- EXERCISE MATERIAL
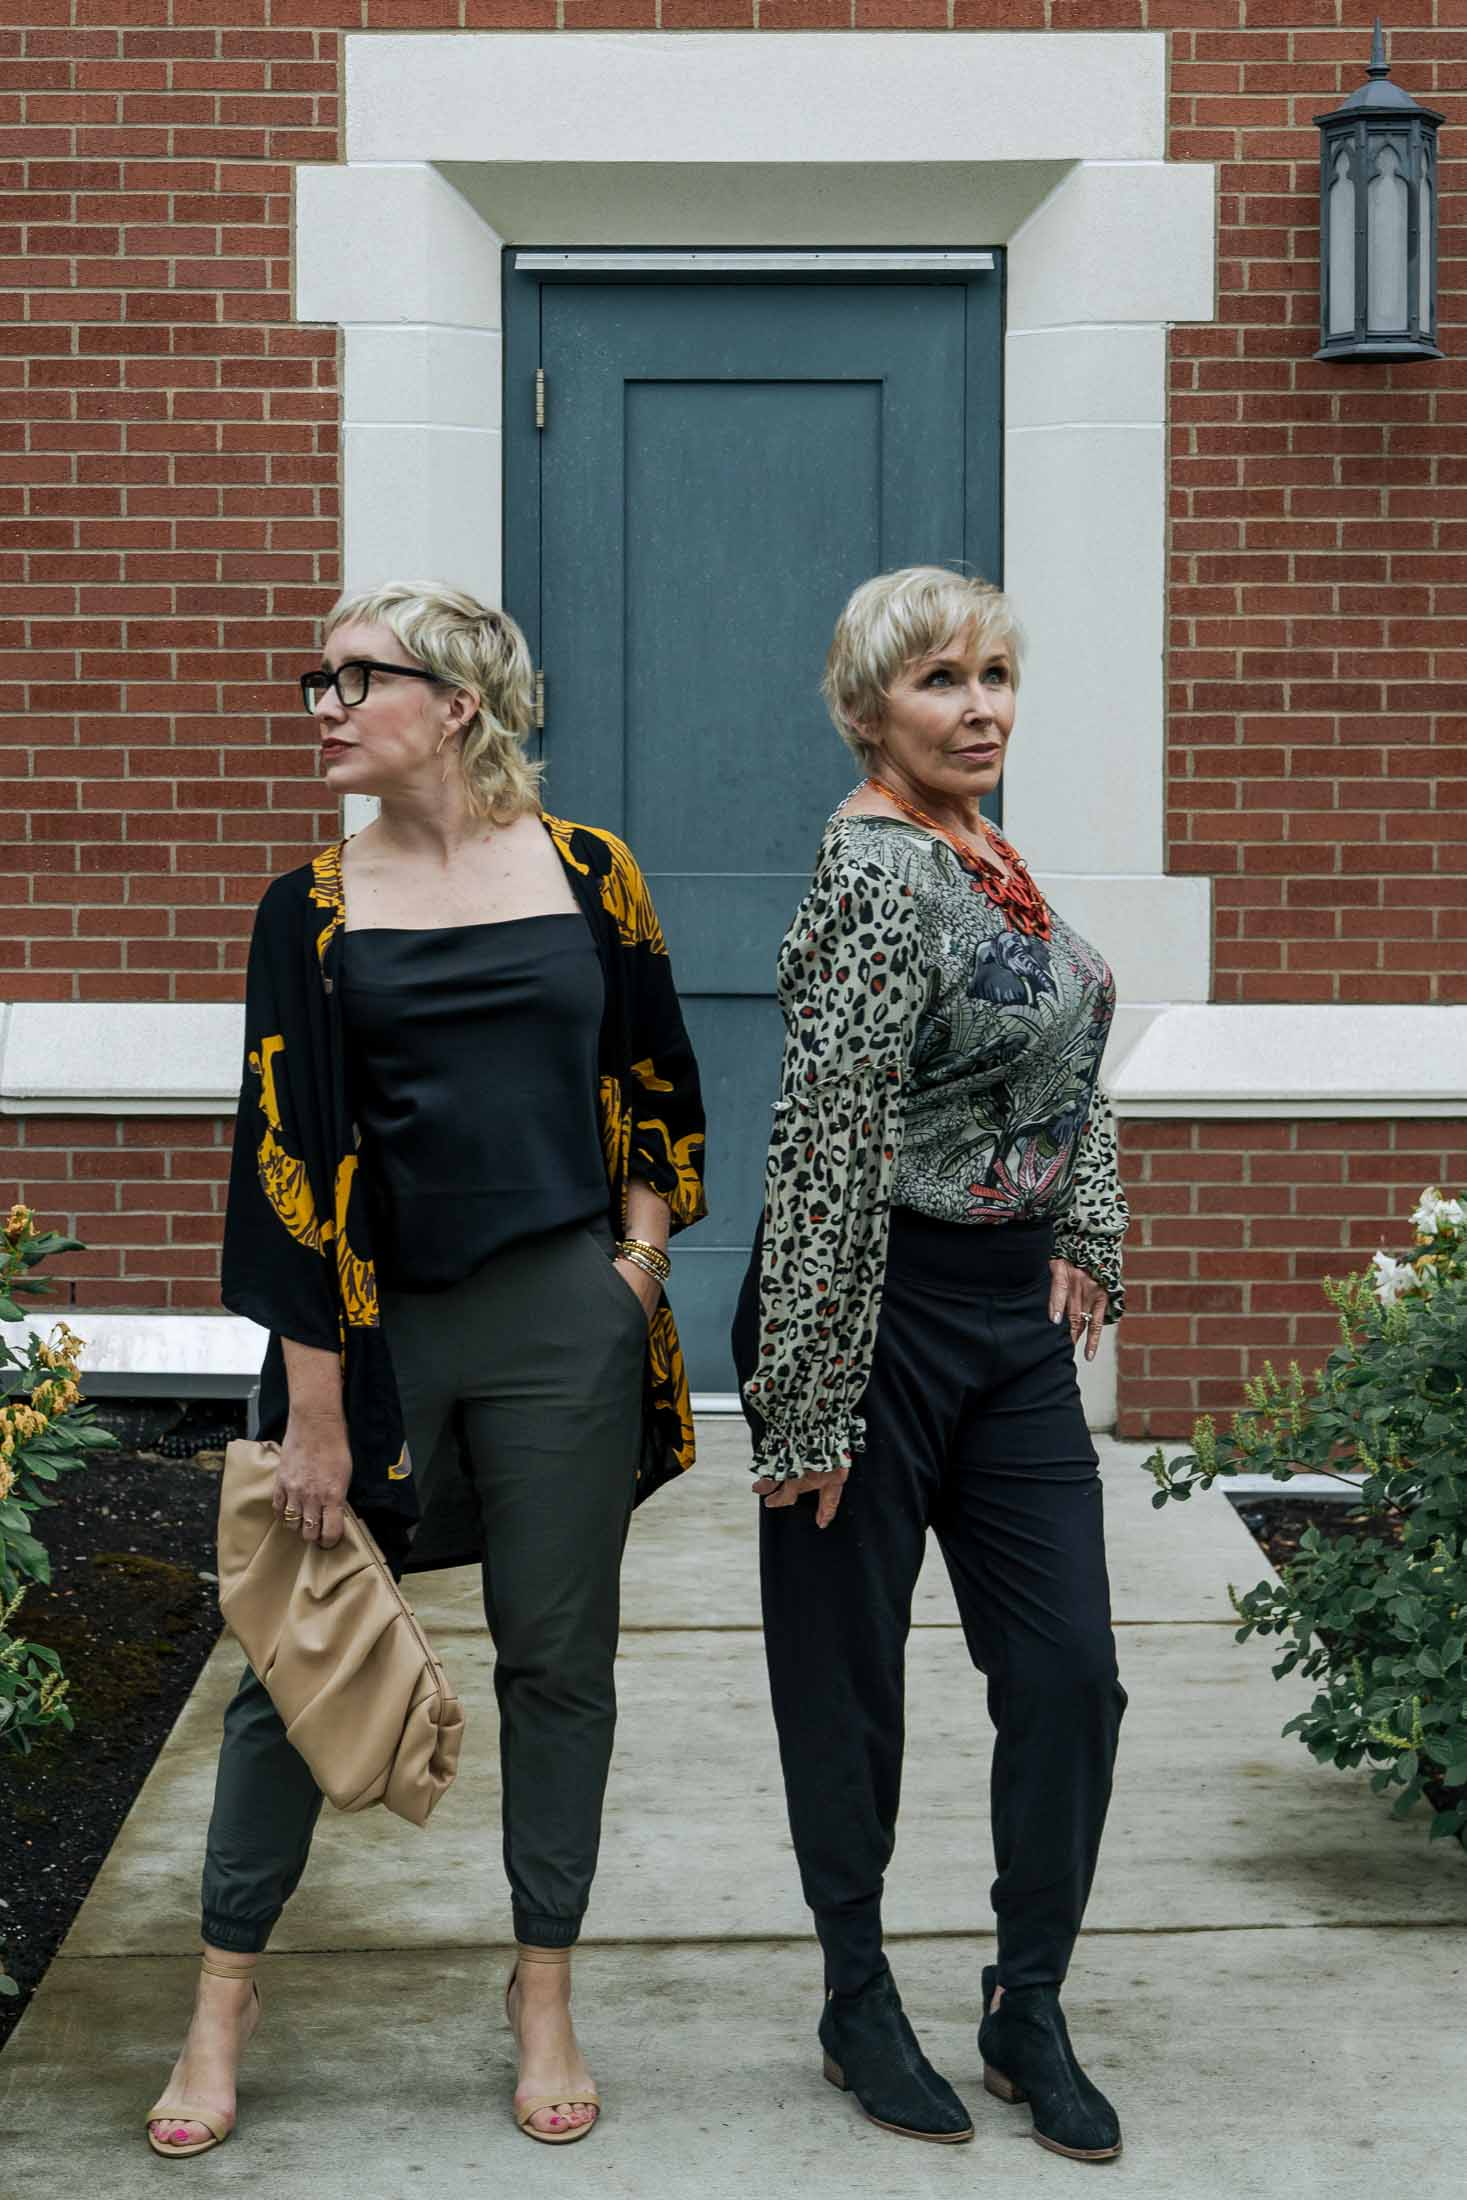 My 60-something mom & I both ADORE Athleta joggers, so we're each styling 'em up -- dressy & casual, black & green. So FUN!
--
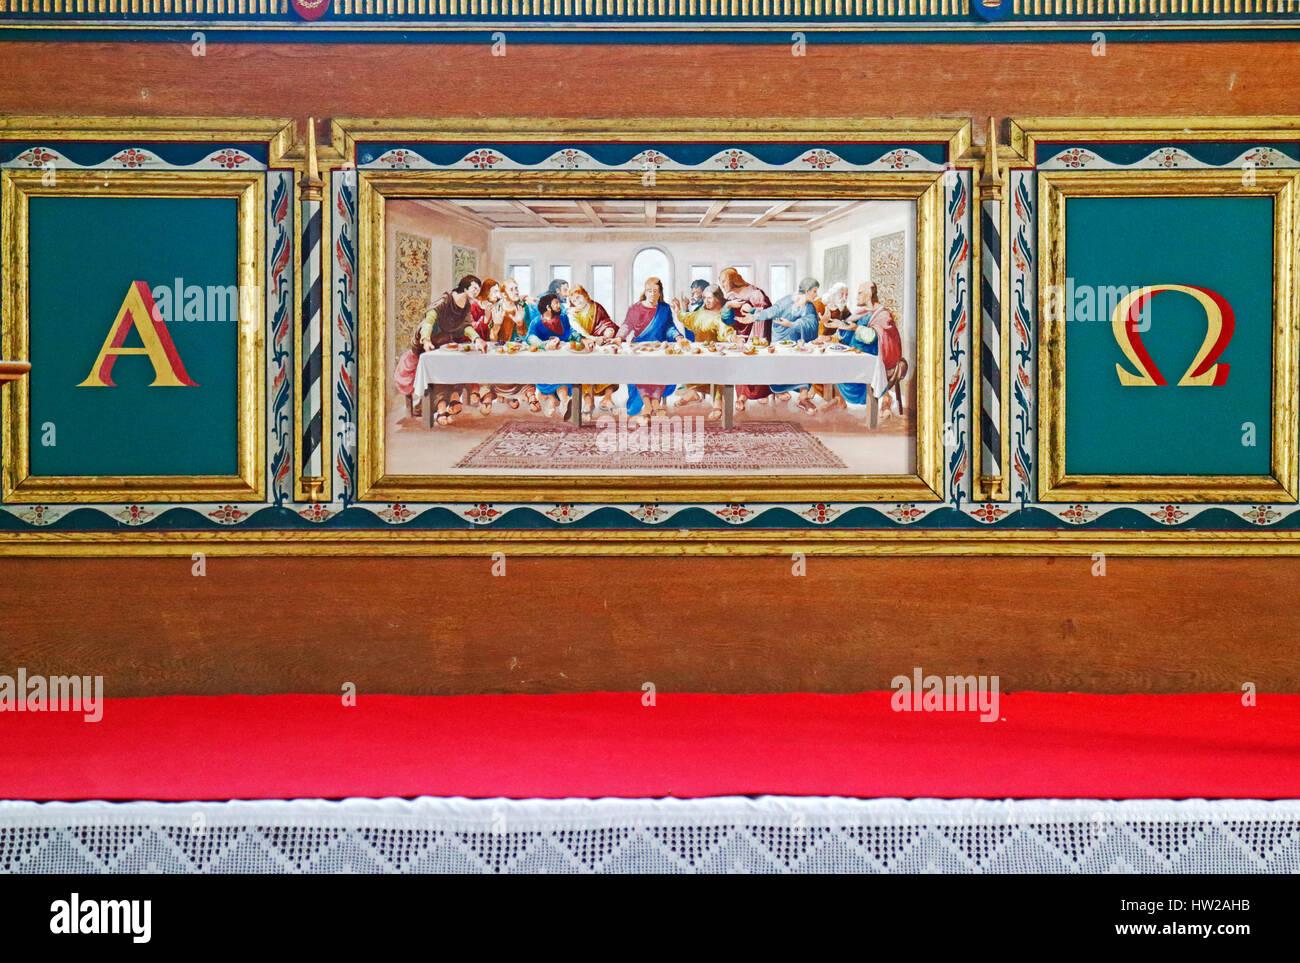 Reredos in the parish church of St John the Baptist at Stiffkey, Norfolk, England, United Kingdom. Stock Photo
...
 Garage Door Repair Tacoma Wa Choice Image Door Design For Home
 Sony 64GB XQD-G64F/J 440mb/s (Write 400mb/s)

- TRY IT
Once you find the line with "Garage Door Repair" in the entries above, output it and each line after it up to and including the line with "Sony 64GB XQD-G64F/J 440mb/s (Write 400mb/s)", and nothing else.

- YOUR SOLUTION
 Garage Door Repair Tacoma Wa Choice Image Door Design For Home
 Sony 64GB XQD-G64F/J 440mb/s (Write 400mb/s)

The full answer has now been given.